Your instructions |
Retype the data below exactly, skipping pictures.

Provided data |
————
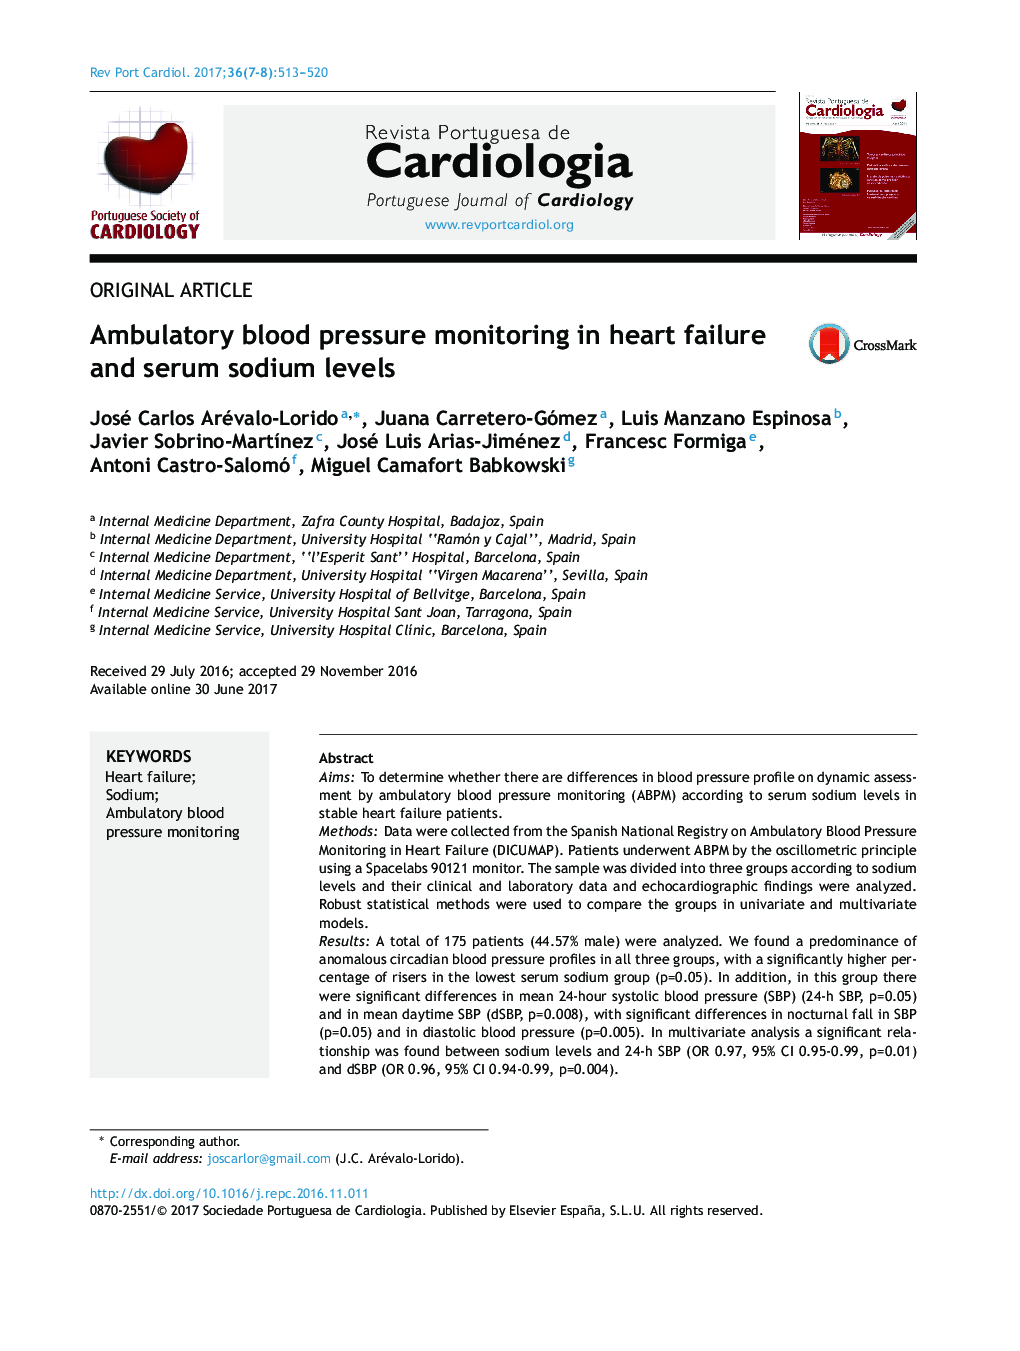 Ambulatory blood pressure monitoring in heart failure and serum sodium levels
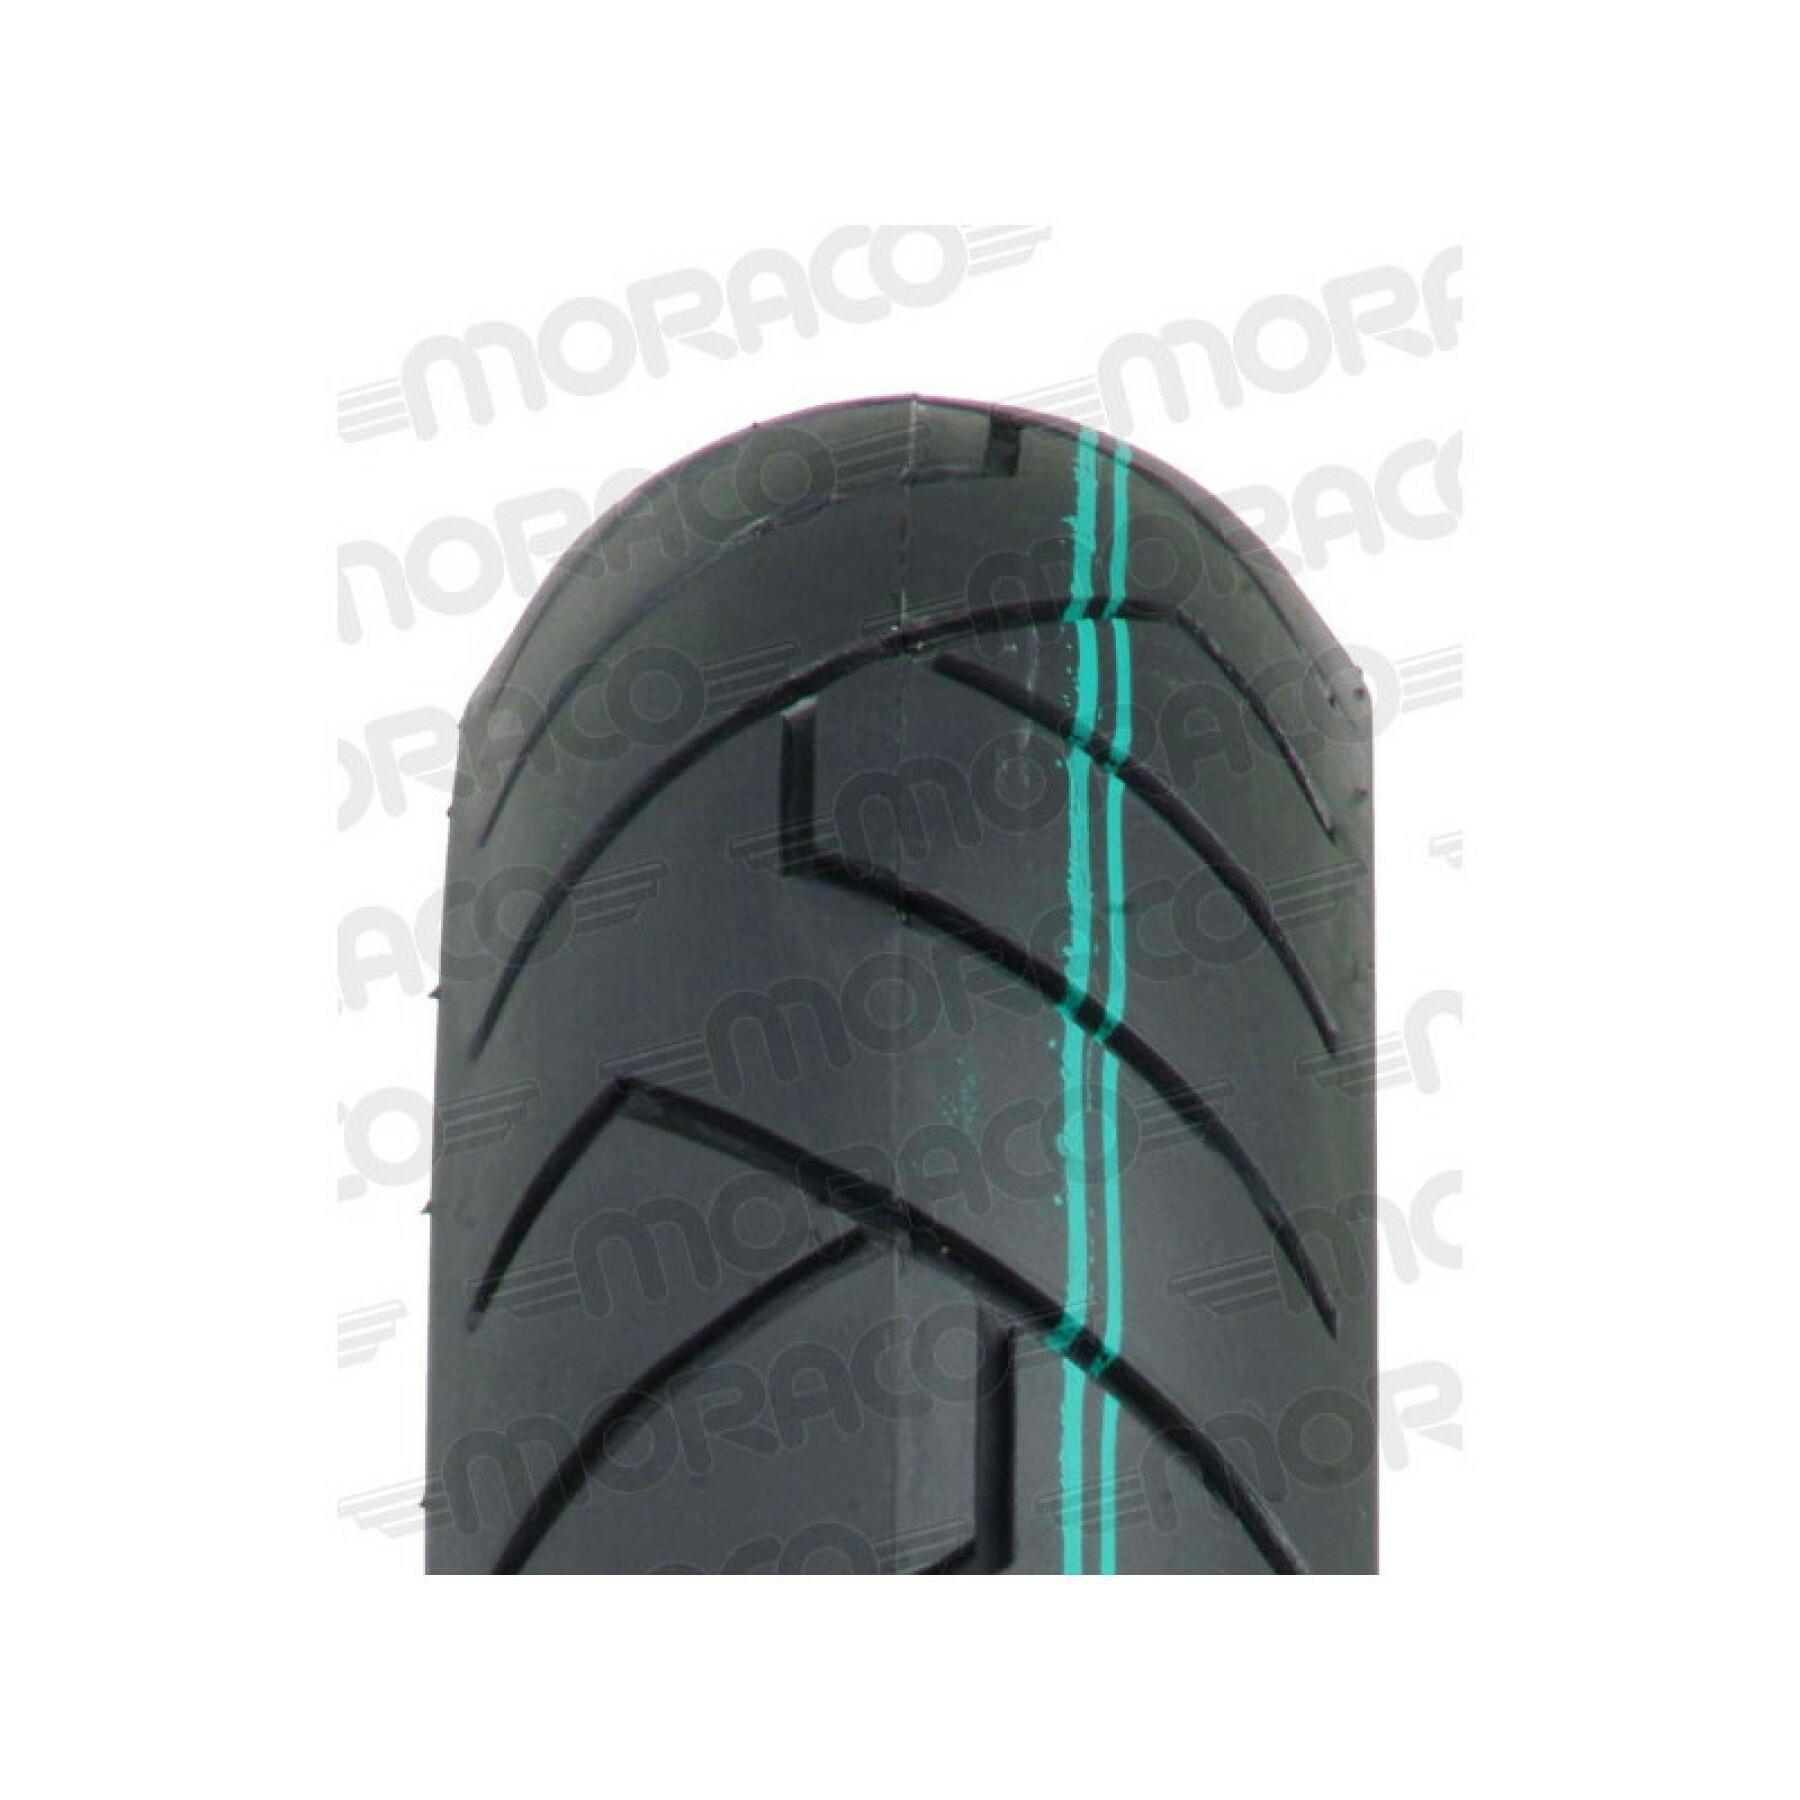 Neumáticos Vee Rubber 120/70-12 VRM 119C TBL (3)
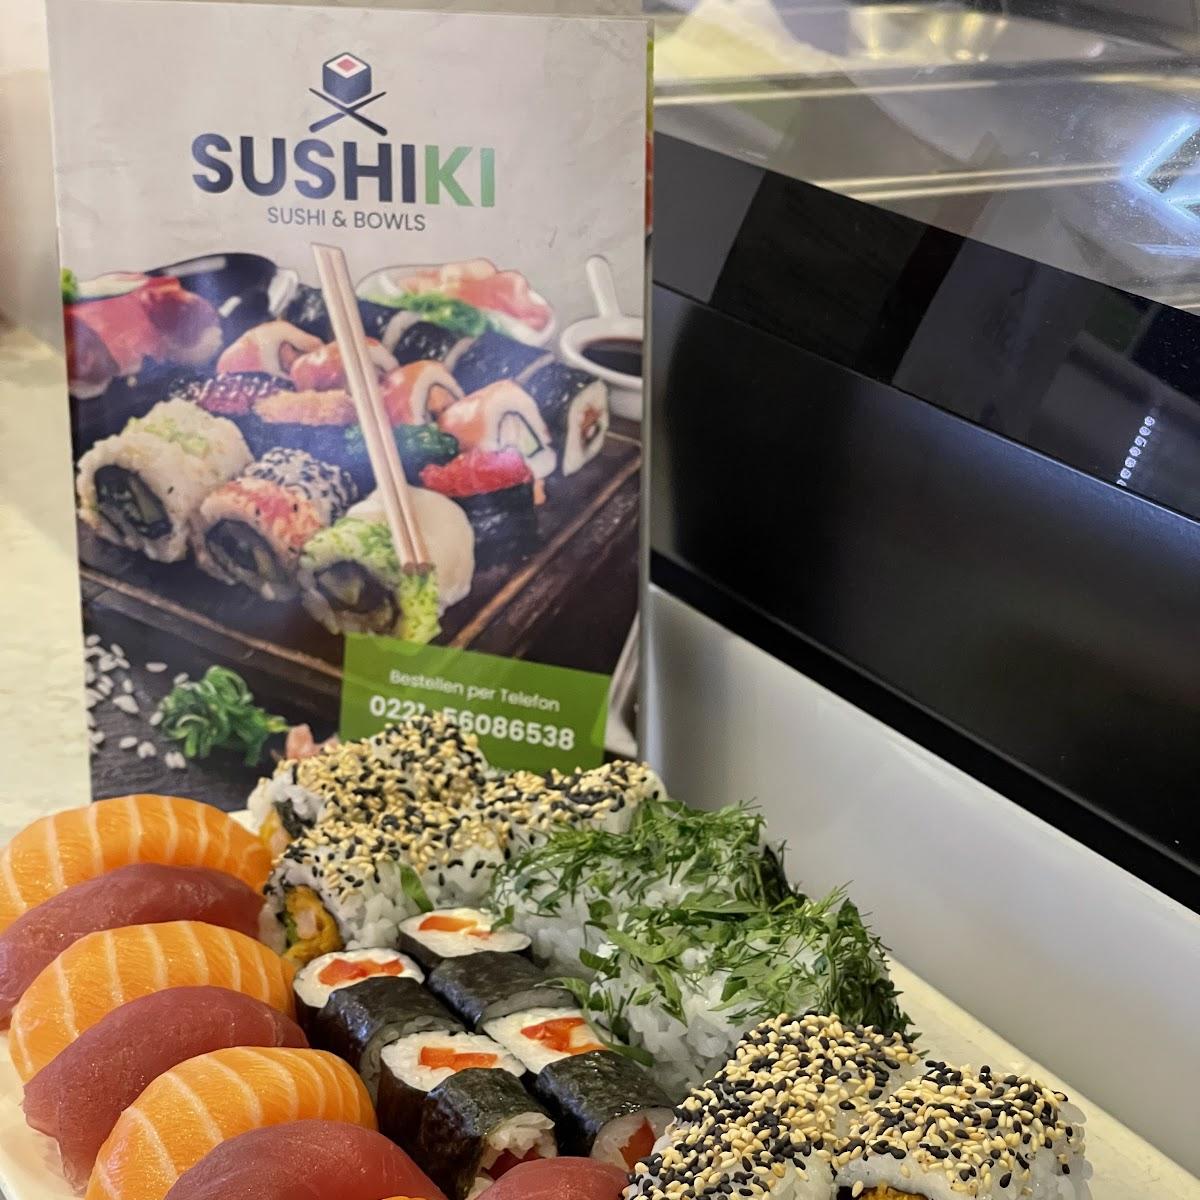 Restaurant "Sushiki" in Köln
————
Solution to this task |
 Ambulatory blood pressure monitoring in heart failure and serum sodium levels
 Neumáticos Vee Rubber 120/70-12 VRM 119C TBL (3)
 Restaurant "Sushiki" in Köln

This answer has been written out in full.